[Records excerpted from a collection]
—————

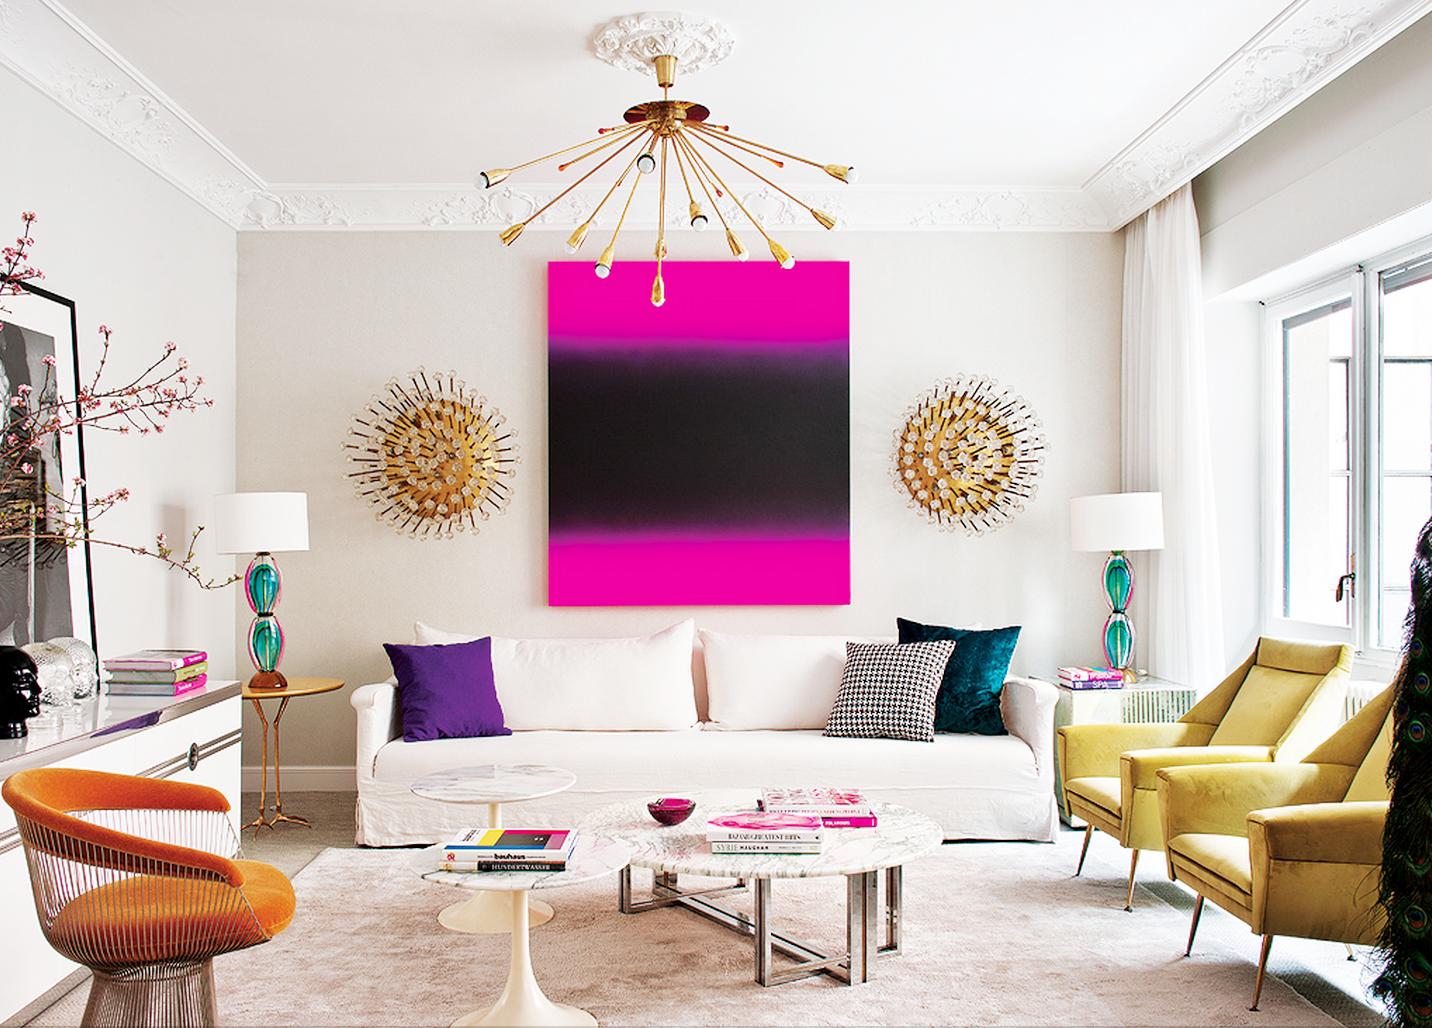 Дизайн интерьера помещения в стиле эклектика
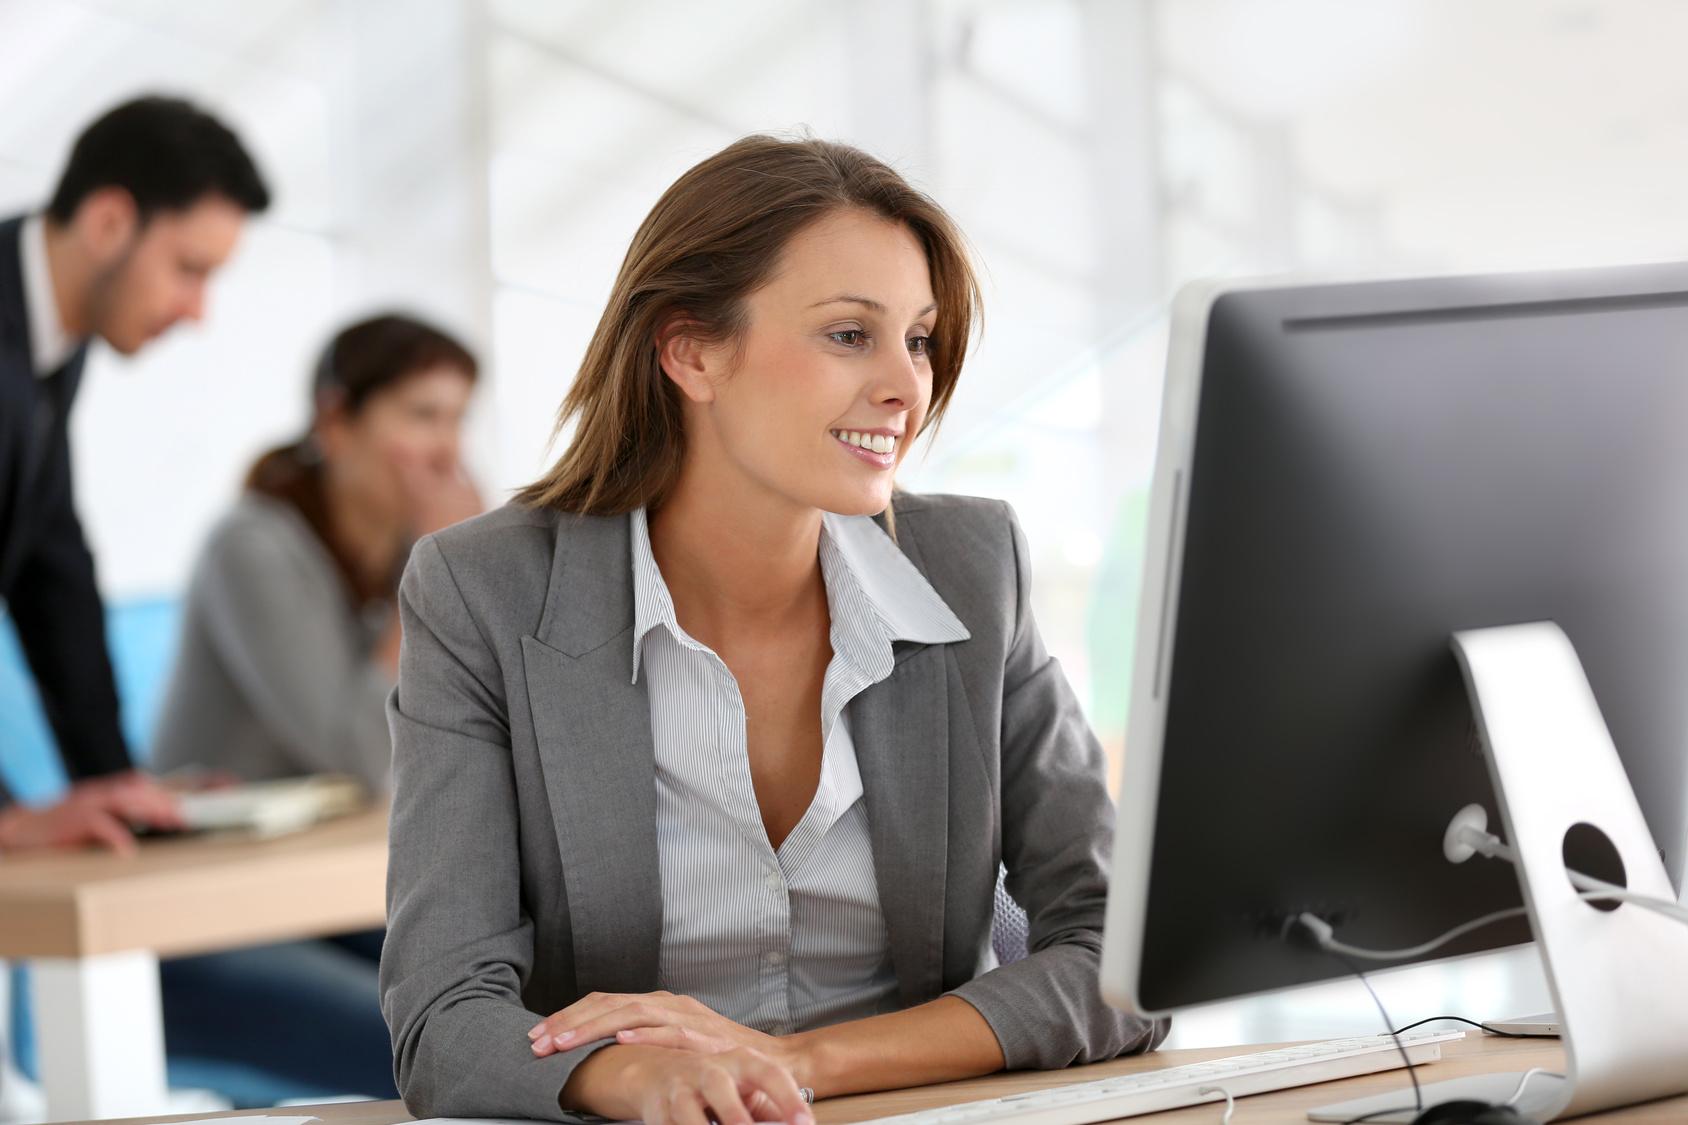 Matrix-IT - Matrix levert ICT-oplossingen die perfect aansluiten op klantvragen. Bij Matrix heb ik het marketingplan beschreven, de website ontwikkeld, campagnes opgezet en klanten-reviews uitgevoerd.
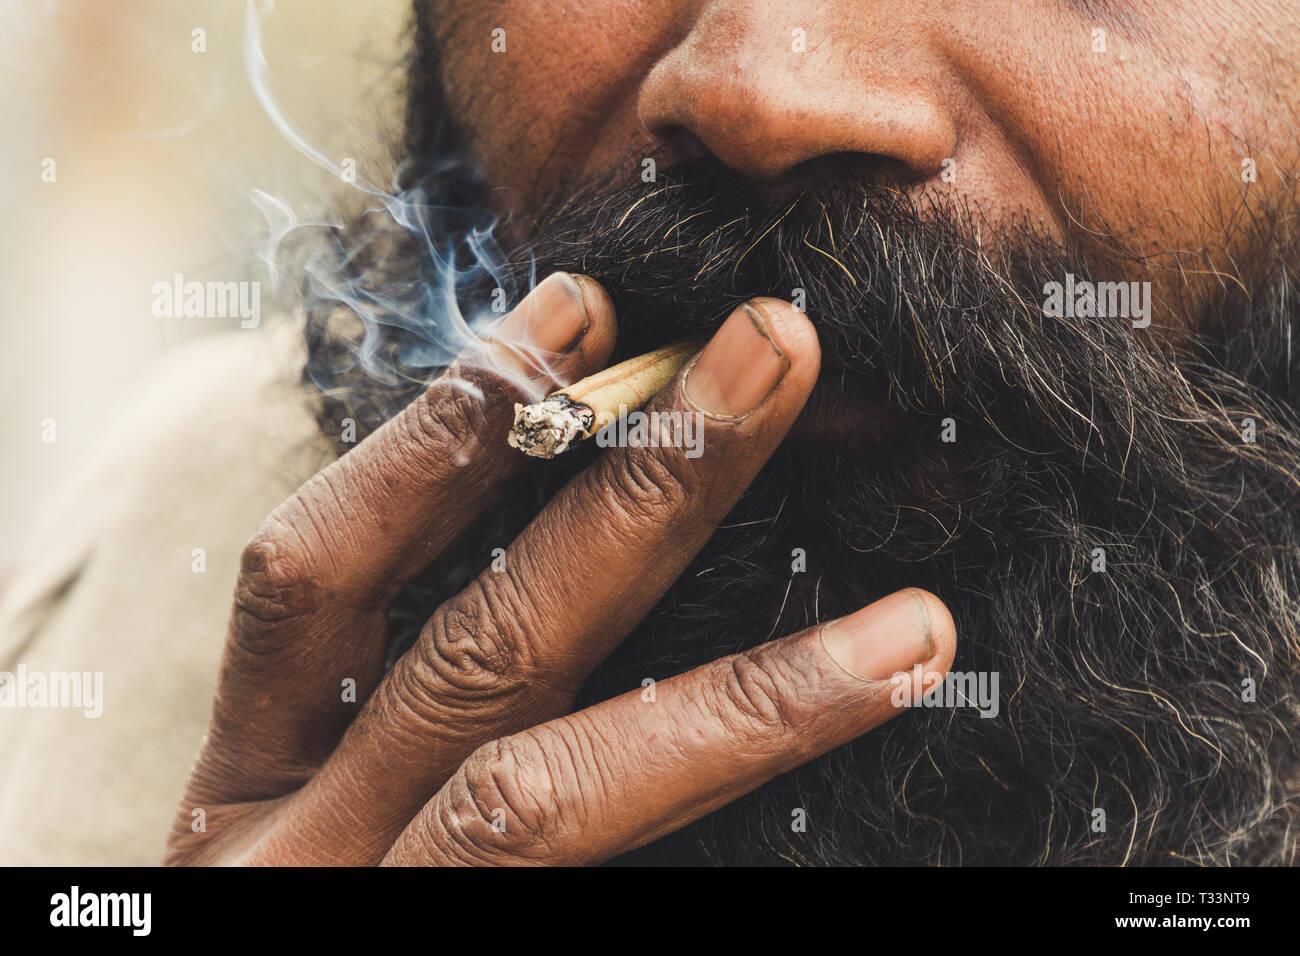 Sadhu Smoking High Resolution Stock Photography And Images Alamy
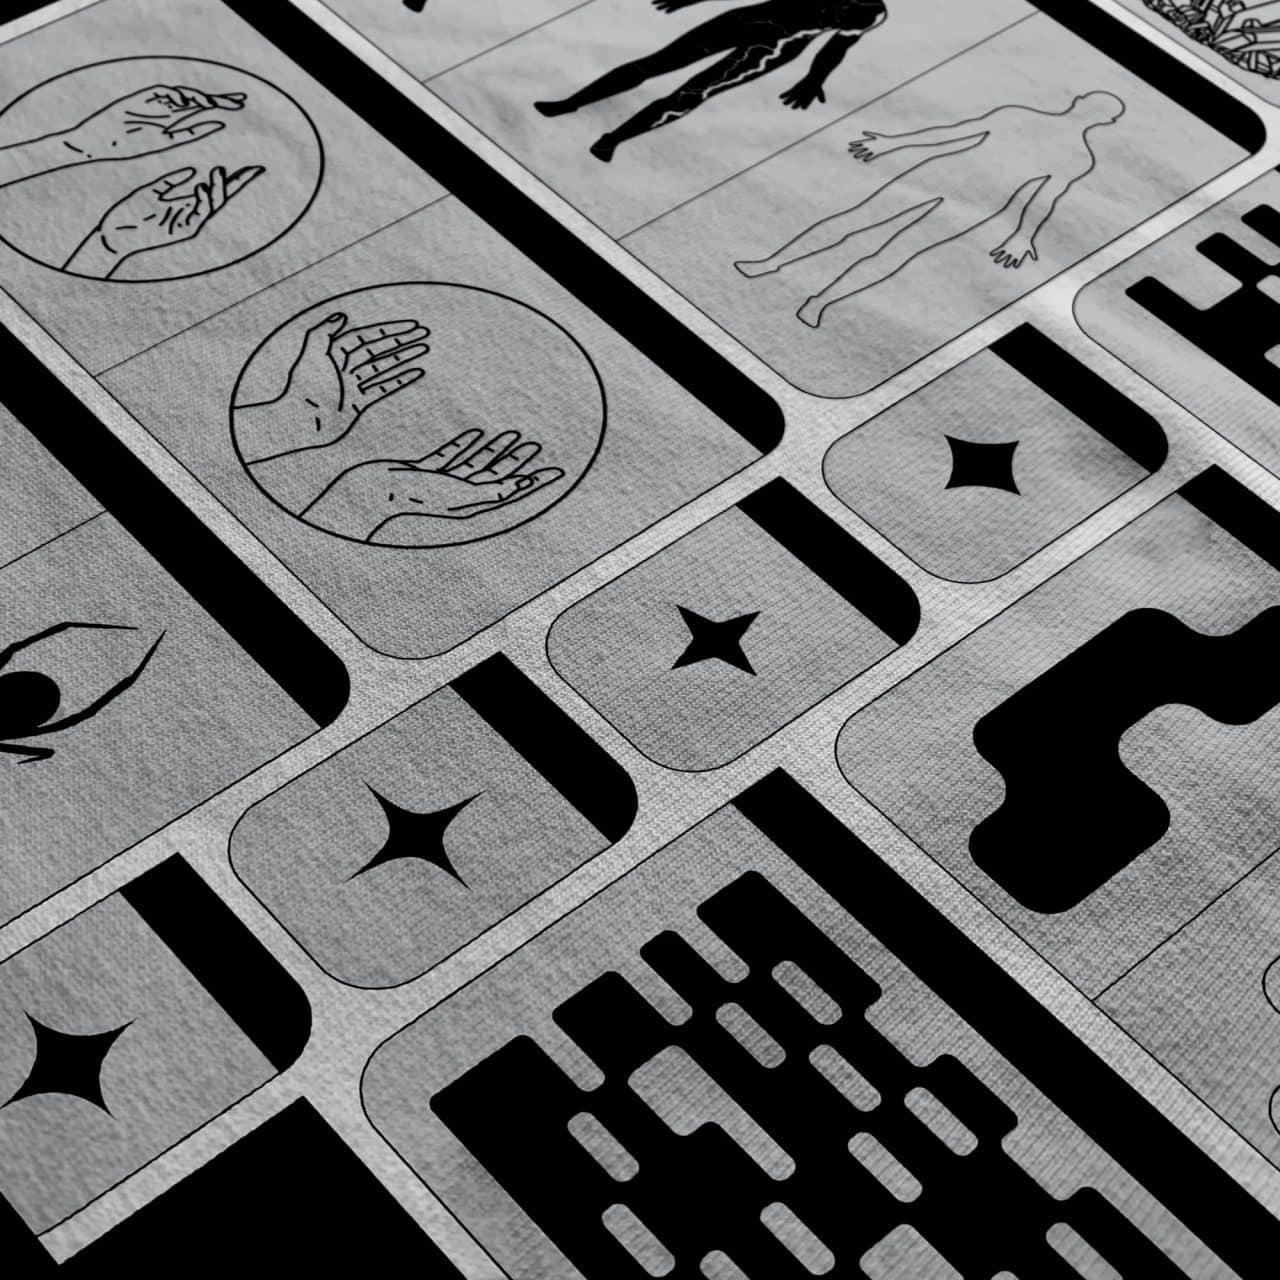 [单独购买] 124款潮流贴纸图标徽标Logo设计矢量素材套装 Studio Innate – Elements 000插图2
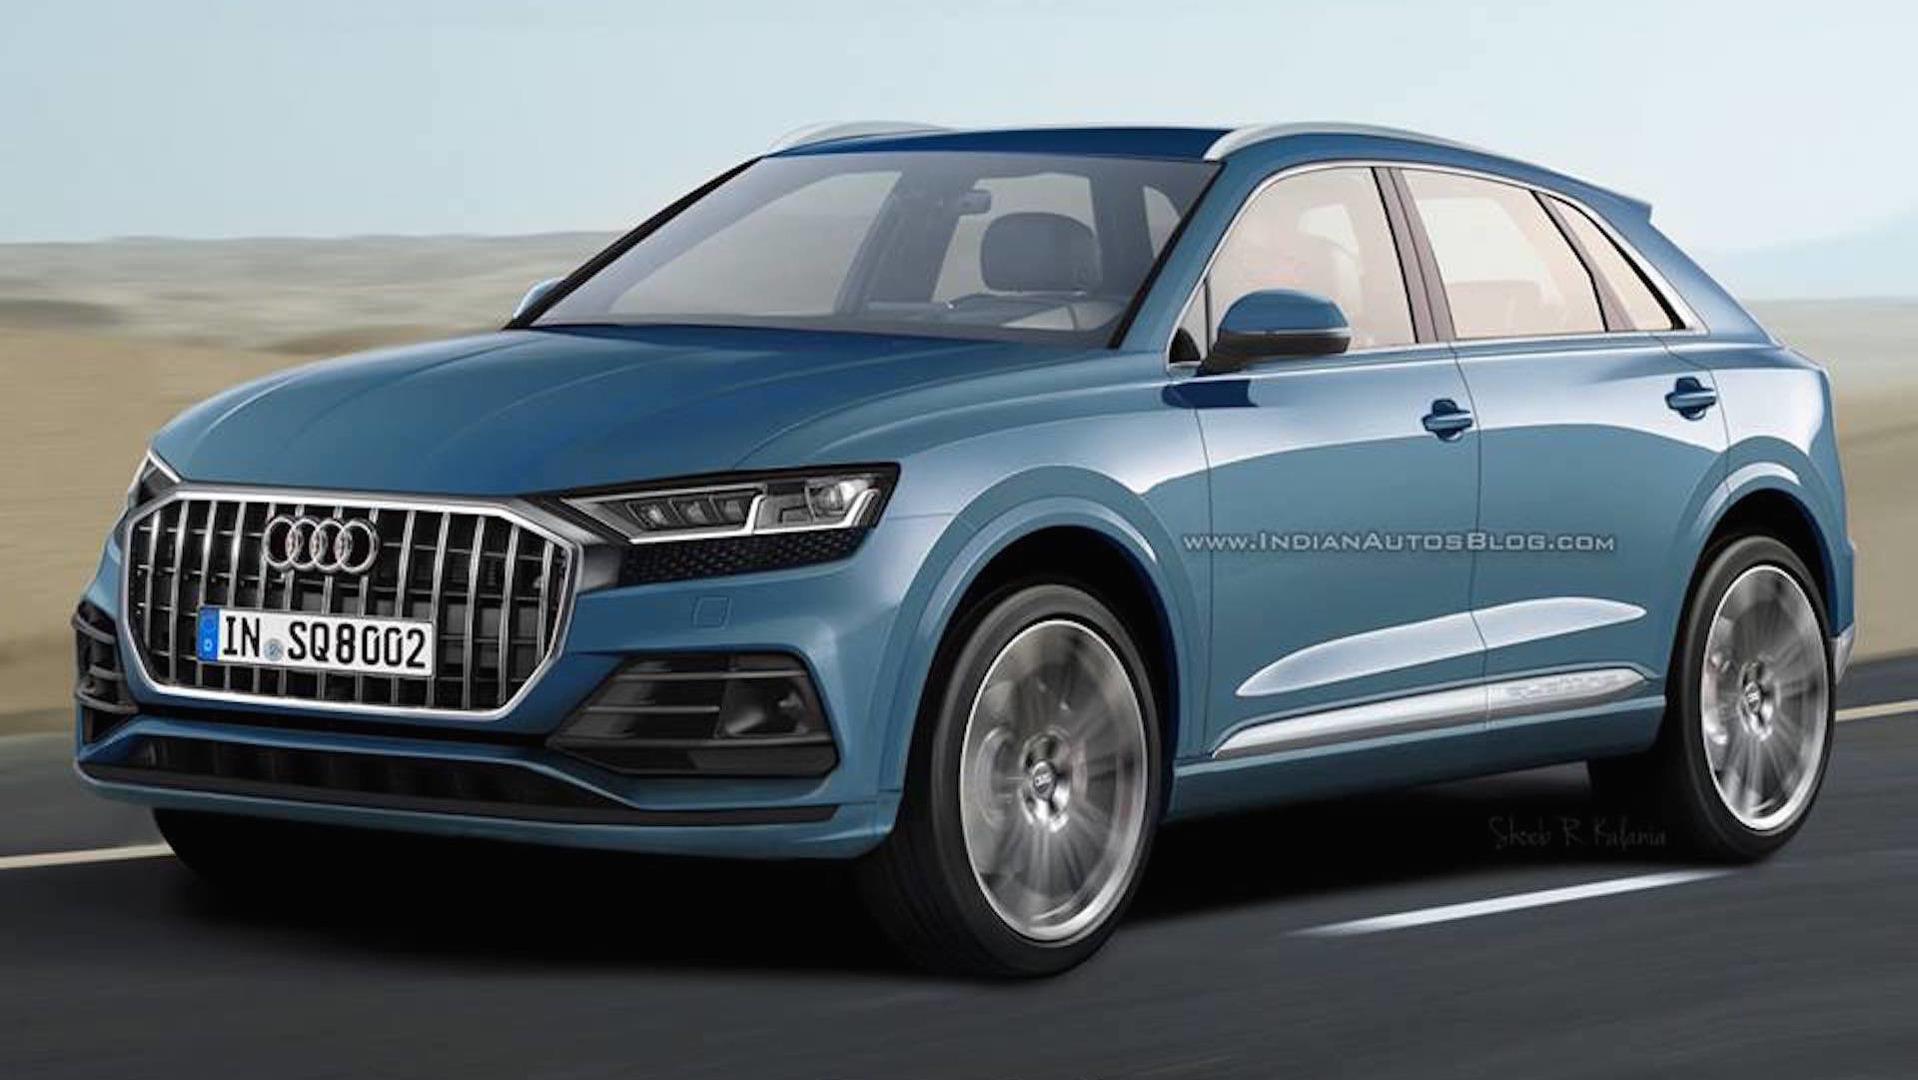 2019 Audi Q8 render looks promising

—————

EXERCISE AIM:
Give again, word for word, every line from the top of the data above to the line holding "[单独购买] 124款潮流贴纸图标徽标Logo设计矢量素材套装 Studio", inclusive, with the pictures left out.

YOUR SOLUTION:
 Дизайн интерьера помещения в стиле эклектика
 Matrix-IT - Matrix levert ICT-oplossingen die perfect aansluiten op klantvragen. Bij Matrix heb ik het marketingplan beschreven, de website ontwikkeld, campagnes opgezet en klanten-reviews uitgevoerd.
 Sadhu Smoking High Resolution Stock Photography And Images Alamy
 [单独购买] 124款潮流贴纸图标徽标Logo设计矢量素材套装 Studio Innate – Elements 000插图2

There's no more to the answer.